MF corresponded with Sylvia Meagher beginning, to the best of my knowledge, in 1970. MF's first letter, which appears to be the beginning of their acquaintance, describes her activities on 11-22-63, which more or less square with what she told me 30 years later, then segues to a discussion of Garrison. Sylvia, of course, was at this time on the record as opposing the DA, whose case by then had concluded.
"We spent two whole days in Garrison's office completely spell-bound by his charm," Ferrell wrote in this 1970 letter. But at the end of the first day, leaving the courthouse, the son and daughter-in-law asked what she thought.

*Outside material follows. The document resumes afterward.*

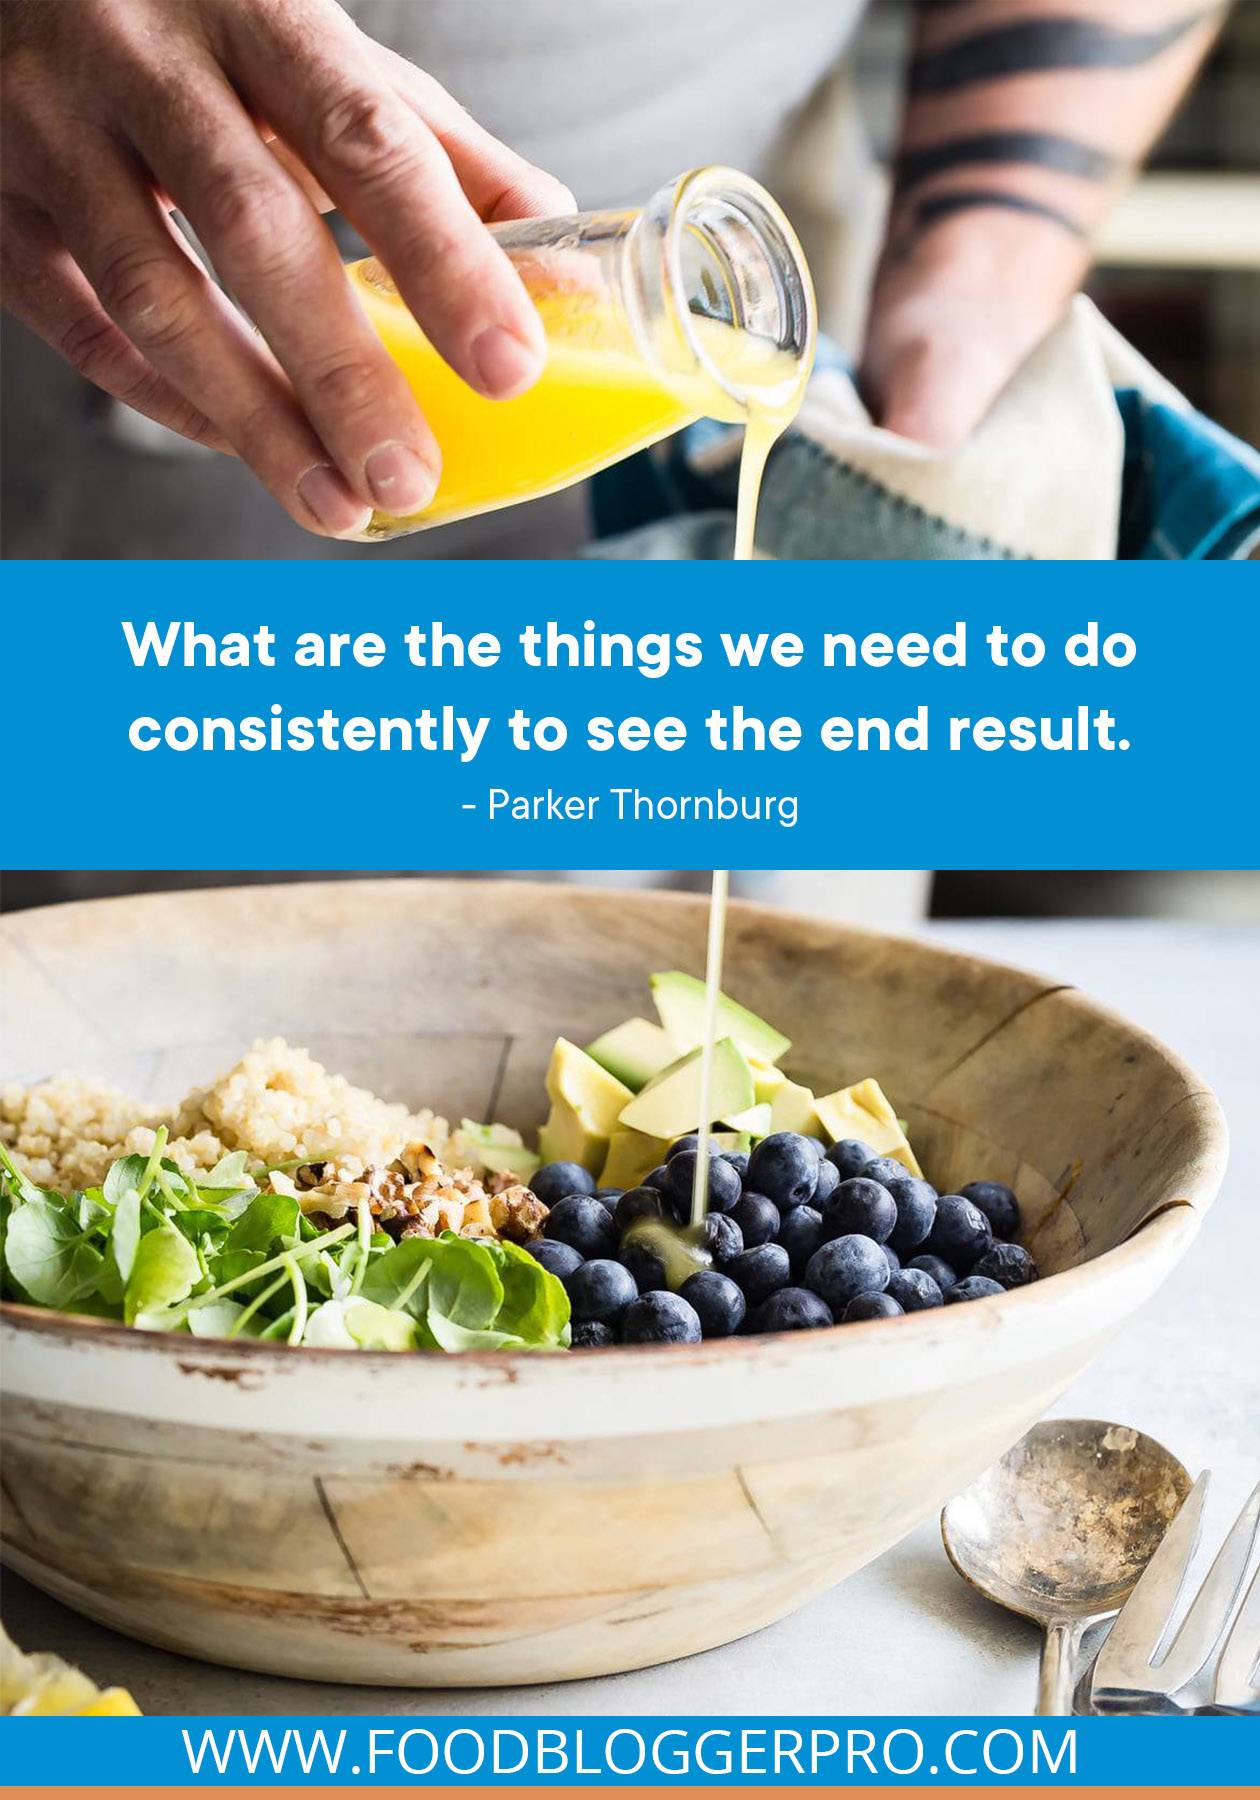 A photograph of someone pouring dressing into a salad bowl with a quote from Parker Thornburg's episode of The Food Blogger Pro Podcast that reads: "What are the things we need to do consistently to see the end result."
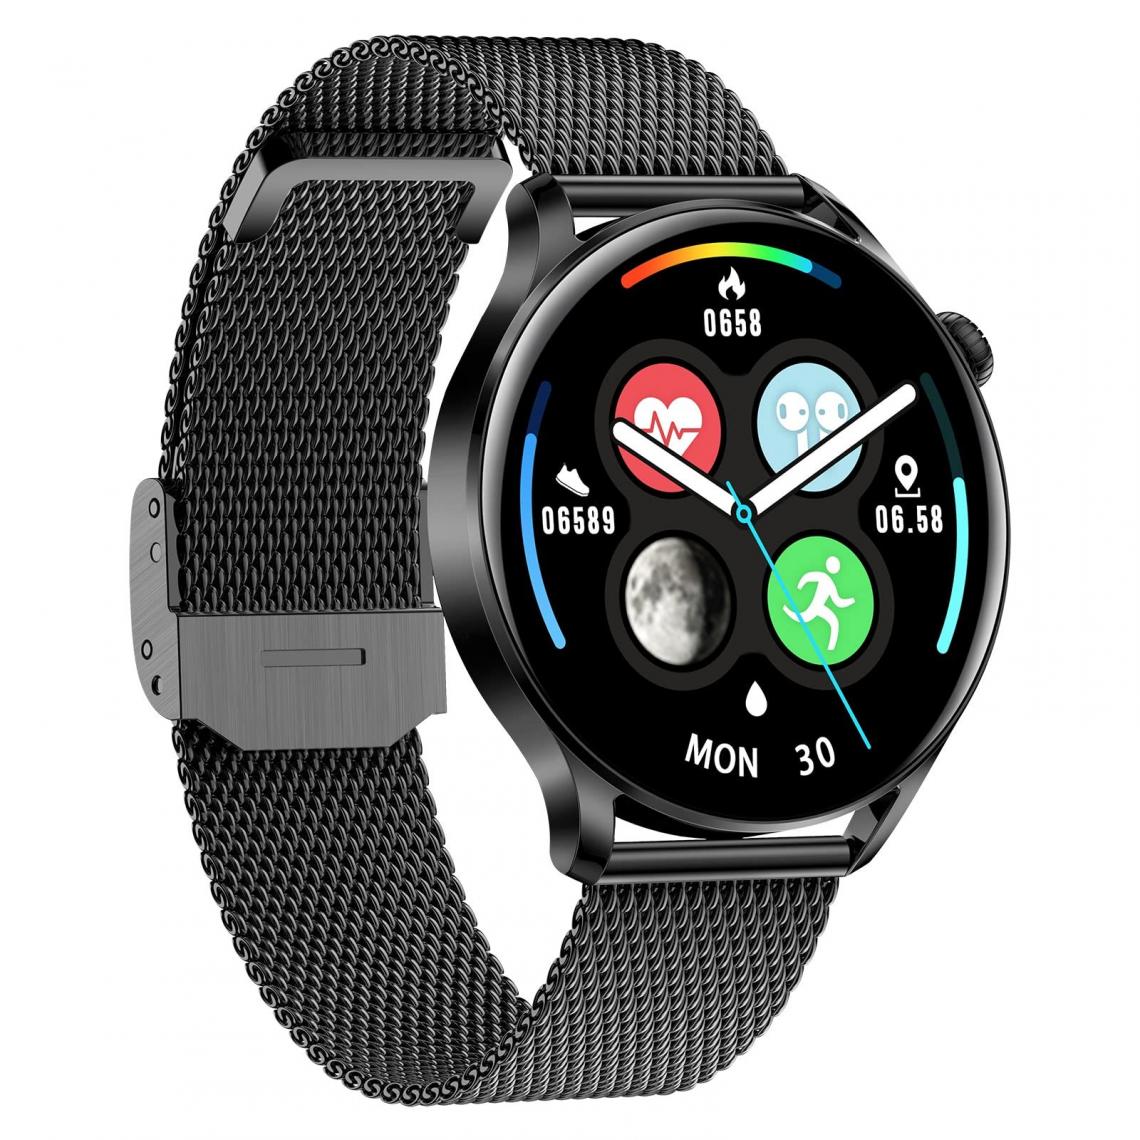 Chronotech Montres - Chronus Smart Watch for Android Phones Ios, Fitness Tracker Watch with Bluetooth Call Music Player IP67 Waterproof Smart Watch Pedometer Calories for Women Men Smartwatch(black) - Montre connectée

"I said, 'Yes, he is the most charming man I've ever met but I've never felt as sorry for anyone in my life.' They were appalled and wanted to know what I meant. I said, 'The man is completely insane. He has let this drive him crazy.' Of course, I was later to decide that he had been insane long before he ever heard of Kennedy or the assassination."
Okay -- maybe this is no big deal. But of course MF was not a shrink and thus not qualified to make any assessment of JG's psyche. And it bothered me that she directed our conversation straight to Garrison (as if I had a pro-Garrison agenda she wanted to torpedo) and really dumped on him. It also bothered me that she used almost exactly the same language to me as she did in a 30-year-old letter to SM. Maybe that just means she has consistently quoted herself accurately. But the overall anti-Garrison tone, which I had not invited, disturbed me. I definitely felt like she was trying to influence me.
Finally -- and I've already gone on longer than I meant to, but in for a penny, in for a pound -- that night in her room, I observed as she screened phone calls and told Chapman, who was answering the phone, that she did not want to speak with so-and-so. Maybe she was tired. Maybe she was too busy entertaining and enjoying her bubbly. But when I later attempted to follow up with phone interviews I never did get through. Either she wouldn't answer the phone, or had an excuse why she could not talk. Closest I came: she answered the phone, but once I ID'd myself said she had to rush her son to the hospital because he broke his arm. I had met her son. He was older than me. Old enough to get himself to the hospital. In fairness, she followed up with an email apologizing for being so abrupt on the phone. But all future attempts to reach her were unsuccessful.
Maybe it all means nothing, and I'm reading too much into it. At the time, I thought I was the one who failed -- I felt bad she was so underrepresented in the book. Someone even phoned me in 2007 and read me the riot act over this. How could you leave her out, etc etc.
I'm sorry if this post is an instance of TMI. And I'm sorry to ramble on like this. It might not even be what you were asking about. I guess I have wanted to share these anecdotes for a long time!